It seems like there are so many subfields linked to Machine Learning. Is there a book or a blog that gives an overview of those different fields and what each of them do, maybe how to get started, and what background knowledge is required?
13 Answers
Here's the best description I've ever heard of Machine Learning:
Machine learning is actually a software method. It's a way to generate software. So, it uses statistics but it's fundamentally... it's almost like a compiler. You use data to produce programs. - John Platt, Distinguished Scientist at Microsoft Research in his Future of AI series talk (2:17:53)
Some even argue that "everything that algorithms was to computer science 15 years ago, machine learning is today."
For more details, I'd recommend starting out with a fun intro to what's possible such as Peter Norvig's Theorizing from Data talk, a peek at what DeepMind is doing, or more recently the Future of AI series of talks (that I quoted from above).
Next get your hands dirty with Jeremy Howard's "Getting In Shape For The Sport of Data Science." It's a great pragmatic overview of actually working with data.
Once you've played around a bit, watch Ben Hamner's "Machine Learning Gremlins" for a nice pragmatic disclaimer of what can easily go wrong when doing machine learning.
I wrote a blog post "Computing Your Skill" after spending months trying to understand TrueSkill, the ML system that does matchmaking and ranking on Xbox Live. The post goes into some foundational statistics needed for further study in machine learning.
Perhaps the best way to learn is to just try it. One approach is to try a Kaggle competition that sounds interesting to you. Even though I don't do great on the leaderboards there, I always learn things when I try a competition.
After that you've done the above, I'd then recommend something more formal like Andrew Ng's online class. It's at the college level, but approachable. If you've done all the above steps, you'll be more motivated to not give up when you hit some harder things.
As you continue, you'll learn about things such as R and its many packages, SciPy, Cross Validation, Bayesian thinking, Deep Learning, and much much more.
DISCLAIMER: I work at Kaggle and several of the above links mention Kaggle, but I believe they're a fantastic place to start.
videolectures.net has a large collection of Machine Learning videos . One very good technical introductory lecture on the site is Machine Learning, Probability and Graphical Models by Sam Roweis.
A good overview of the field is Tom Mitchell's seminar The Discipline and Future of Machine Learning. Here is a direct link to the video [mov]. And the Syllabus page has a good list of recommended texts:
- Neural Networks for Pattern Recognition by Christopher Bishop
- Pattern Classification by Richard Duda et. al.
- The Elements of Statistical Learning: Data Mining, Inference and Prediction by T.R. Hastie et. al.
- Information Theory, Inference, and Learning Algorithms by David MacKay
- Machine Learning by Tom Mitchell
Ethem Alpaydin's Introduction to Machine Learning is a pretty accessible overview of the field.
If you're feeling overwhelmed by the other options you might want to start with it first.
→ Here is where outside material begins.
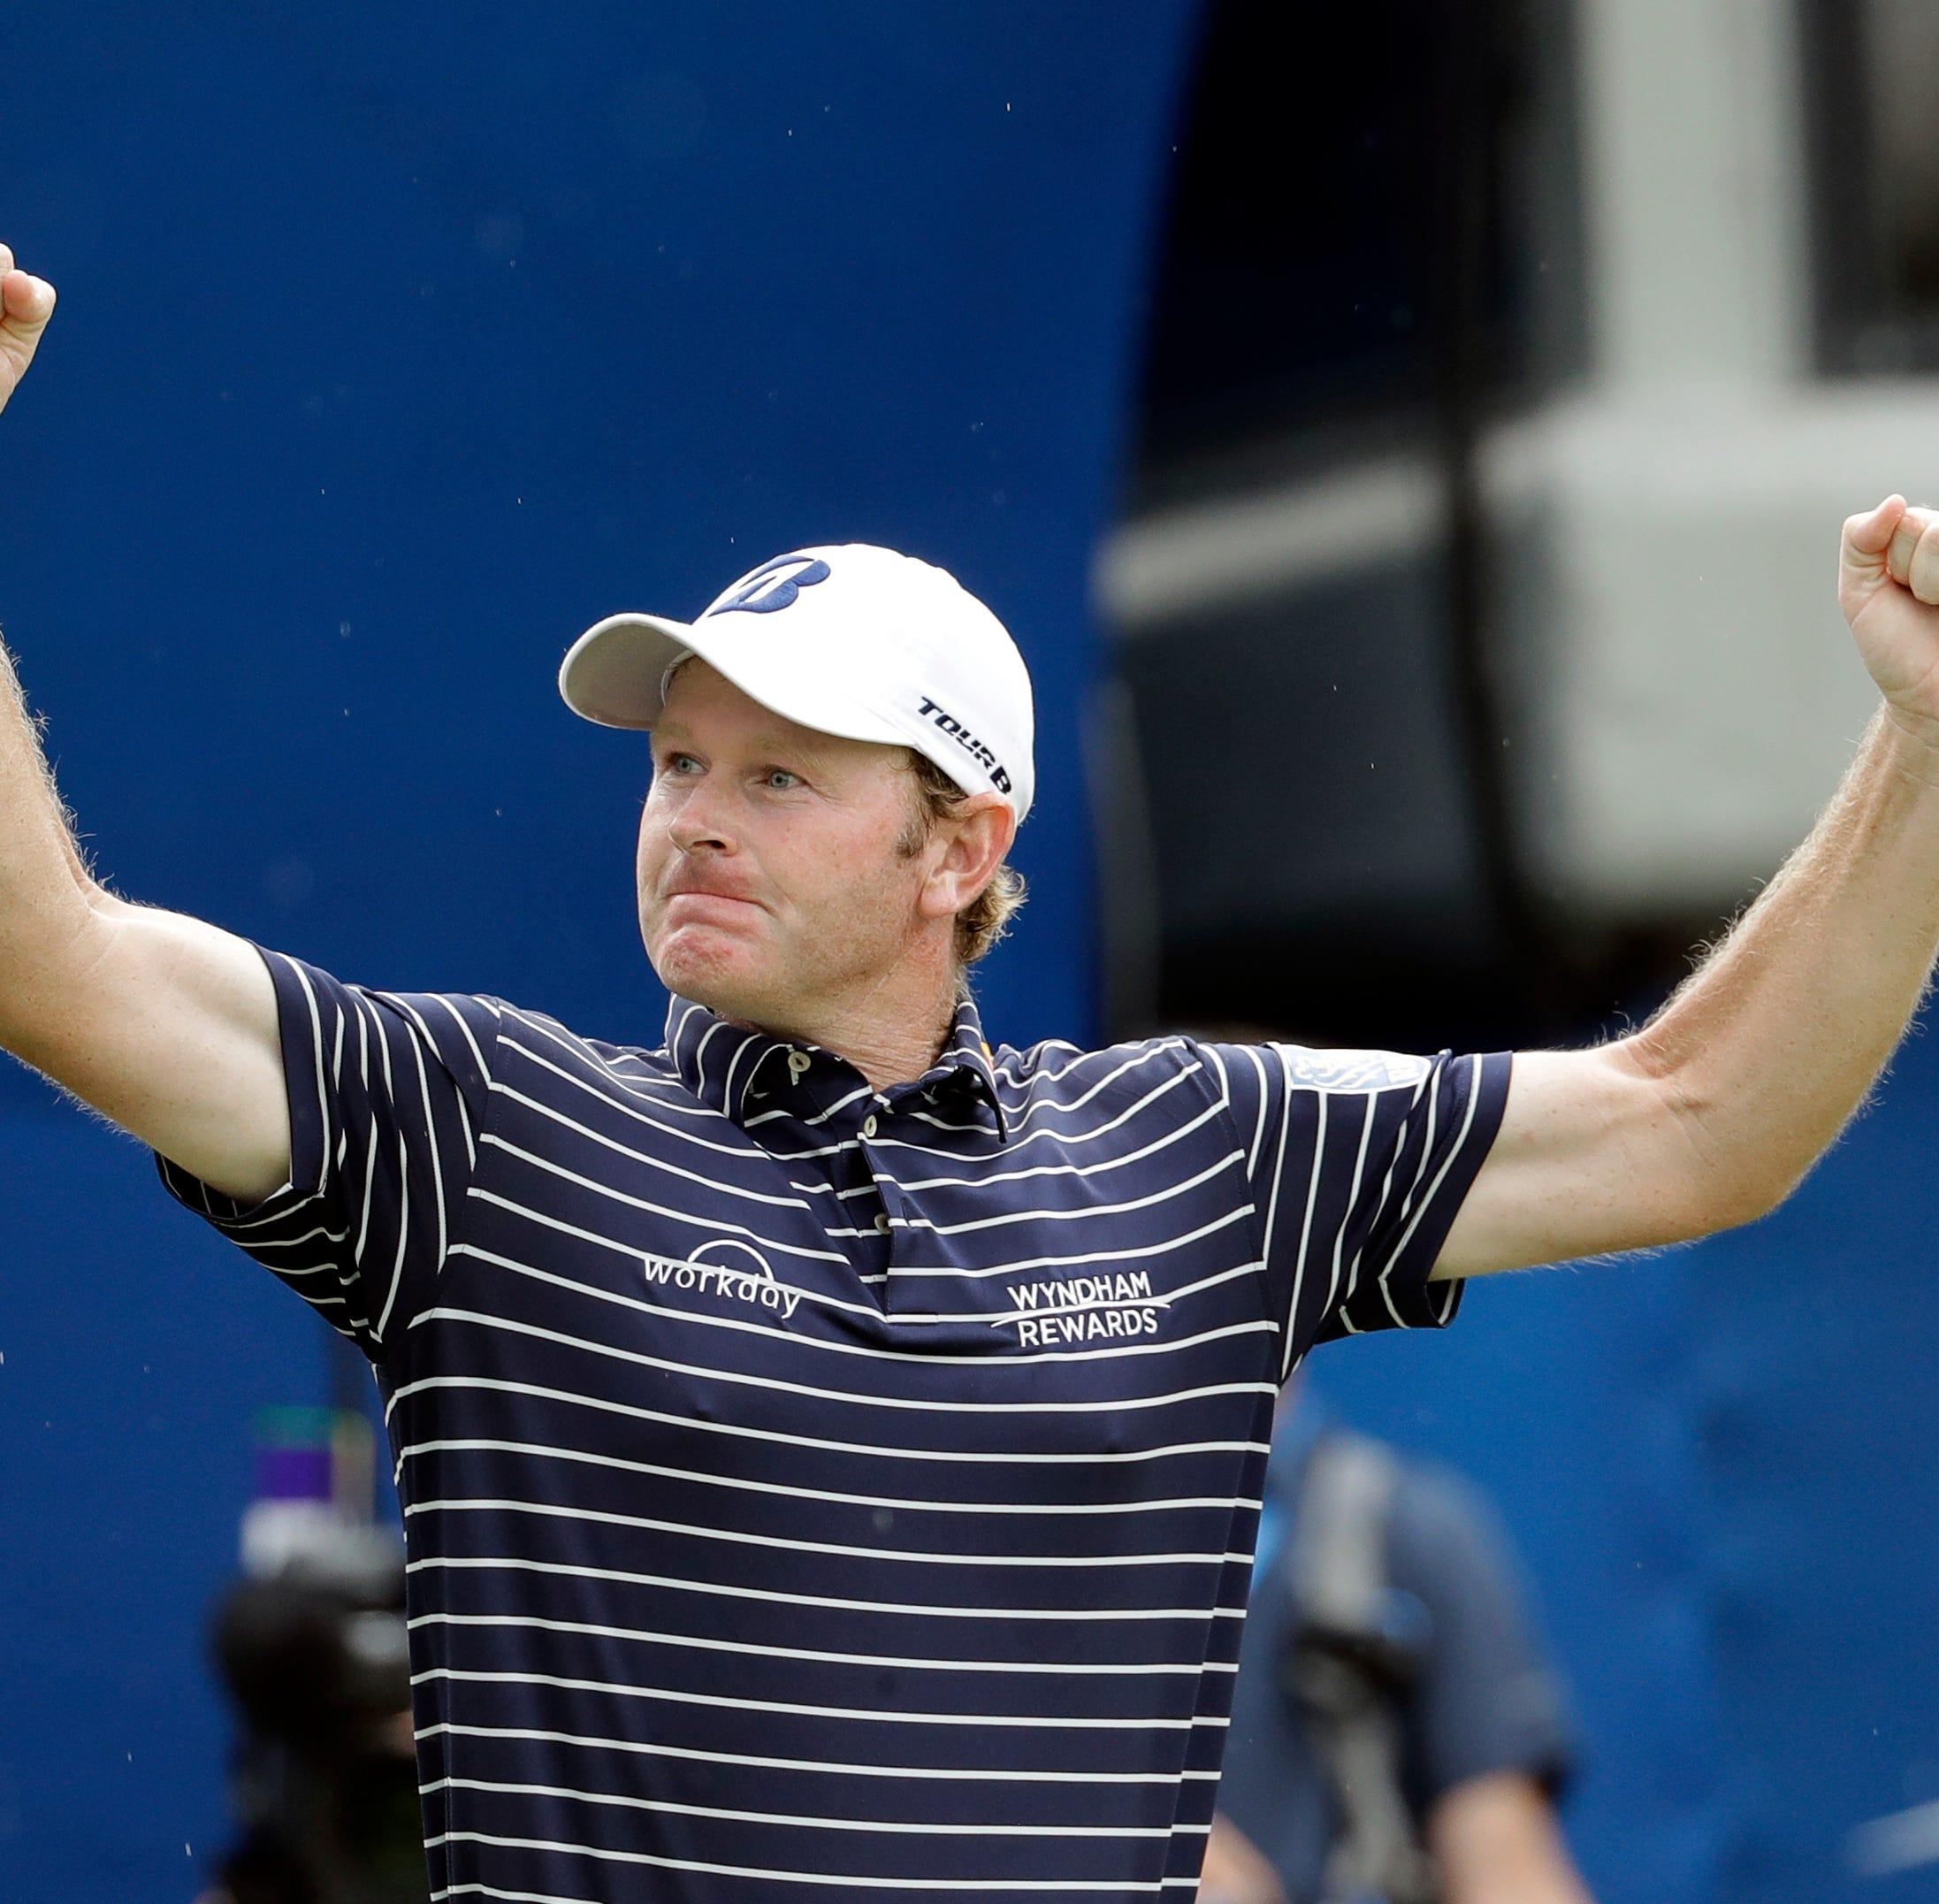 Brandt Snedeker wins Wyndham Championship

Two of the best textbooks out there are:
Pattern Classification by Duda and Hart, and
Pattern Recognition and Machine Learning by Bishop.
Another good resource is MIT's Open CourseWare site for their Machine Learning class.
I really like the Machine Learning course on Coursera. I find the short lectures very easy to digest.
I found "Programming Collective Intelligence" to be the book that really helped me (with practical examples) and an "Algorithm Beastiary" at the end.
Artificial Intelligence: A Modern Approach is the most common text book for introductory AI courses.
Witten and Frank's book on Data Mining is a little easier to digest if that topic is what appeals to you.
You are right to feel that there are lots of sub-fields to ML.
Machine Learning in general is basically just the idea of Algorithms which improve over time. If you're simply curious, some random topics that come to mind include:
Classification, Association analysis, Clustering, Decision Trees, Genetic Algorithms, Concept Learning
As far as books go:
I'm currently using Introduction to Data Mining for a course right now. It covers quite a few of the topics I've listed above and usually has examples of algorithms/uses in each section.
You don't need too much background knowledge to understand a lot of the topics. Most algorithms have some math underlying them which is used to improve the results, and you obviously need to be comfortable with general programming/data structures.
Try A First Encounter with Machine Learning, it's a freely available course for undergraduate level.